Bueno, en mi época de estudios yo ya sentía una inquietud literaria. Me gustaba mucho leer y escribir. Me apasionaba más la escritura que, por ejemplo, las matemáticas. Por supuesto, leía sobre todo lo de la escuela, y como estudiaba en inglés y en francés, leía a los prerrafaelitas, a Dickens, las fábulas de La Fontaine, a Victor Hugo.
Años más tarde, a comienzos de la década de 1950, usted se involucra en el periodismo a partir de las entrevistas que realiza en el periódico Excelsior. ¿Qué supuso para usted ese comienzo en el campo periodístico?

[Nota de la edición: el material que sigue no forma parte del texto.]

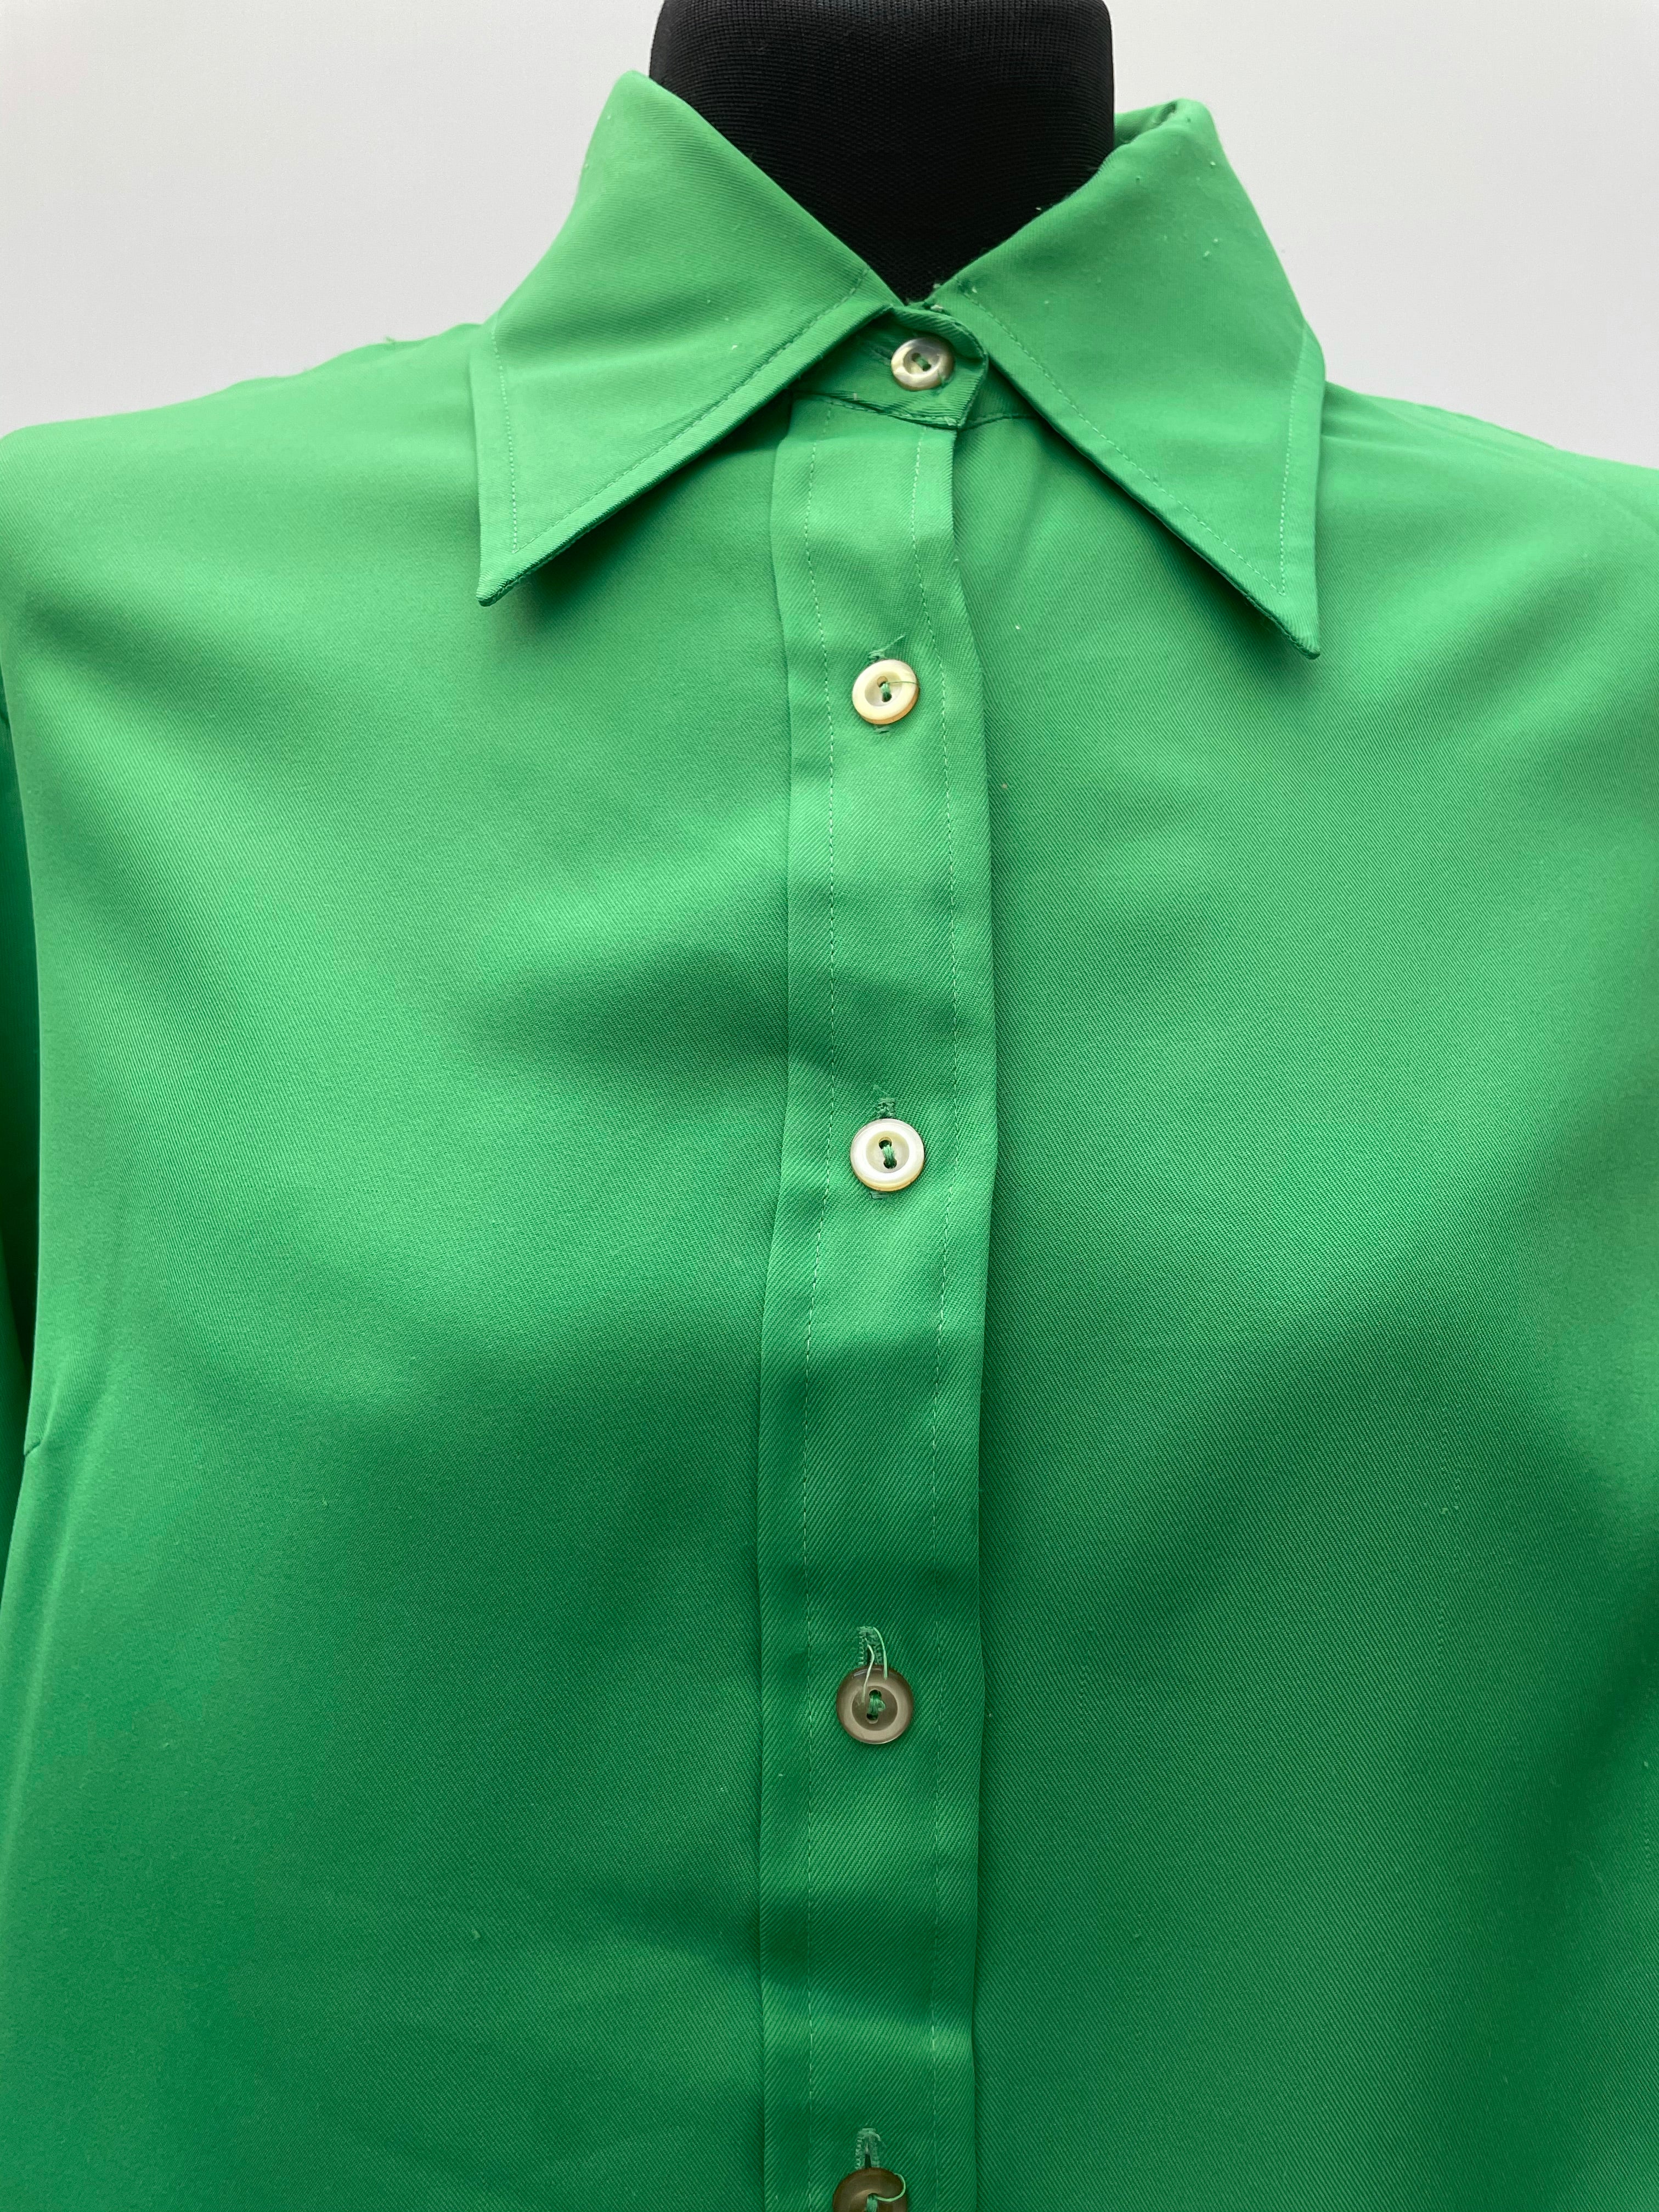 Vintage 1970s Dagger Collar Shirt in Green - Size UK 16

Yo había visto artículos y entrevistas en el Excelsior que me habían gustado y sencillamente pensé que podría hacer eso. Además, mi madre conocía a Alfonso Reyes, a José Clemente Orozco, a los grandes pintores y muralistas de México, y yo creí que entonces podría hacerles entrevistas como la que ahora usted me está haciendo. Y así lo hice. Primero en el Excelsior, donde ingresé en 1953, y luego en Novedades, ya desde el año siguiente. El periodismo fue y es muy importante para mí. Yo me siento periodista. Pese a que mucha gente ha dicho que el periodismo no es bueno para ser escritor, para mí fue una verdadera escuela. ¿De qué otra manera hubiera tenido yo la posibilidad de entrevistar a tanta gente a la que admiraba si no era a través del periodismo? El periodismo a mí me lo ha dado todo. Yo soy principalmente periodista, aunque en general se tienda a menospreciarlo o a ponerlo en un segundo lugar. Fíjese que, gracias al periodismo, yo pude conocer a Dolores del Río, a Juan Rulfo, a María Félix, a Octavio Paz. Y eso nunca terminaba allí, porque se establecían relaciones. Esas personas me mostraban sus libros, sus obras, sus trabajos, me invitaban a comer, y se generaba un ambiente maravilloso. Octavio Paz, por ejemplo, me llevaba a la librería francesa, me develó autores como Balzac o como Breton.
Usted hacía, además, unas entrevistas muy particulares, con preguntas más bien generales y con descripciones del entorno y del entrevistado que después fueron imprimiendo un estilo y un sello propio. Pero además hacía algunas preguntas que podríamos llamar simpáticas y risueñamente impertinentes.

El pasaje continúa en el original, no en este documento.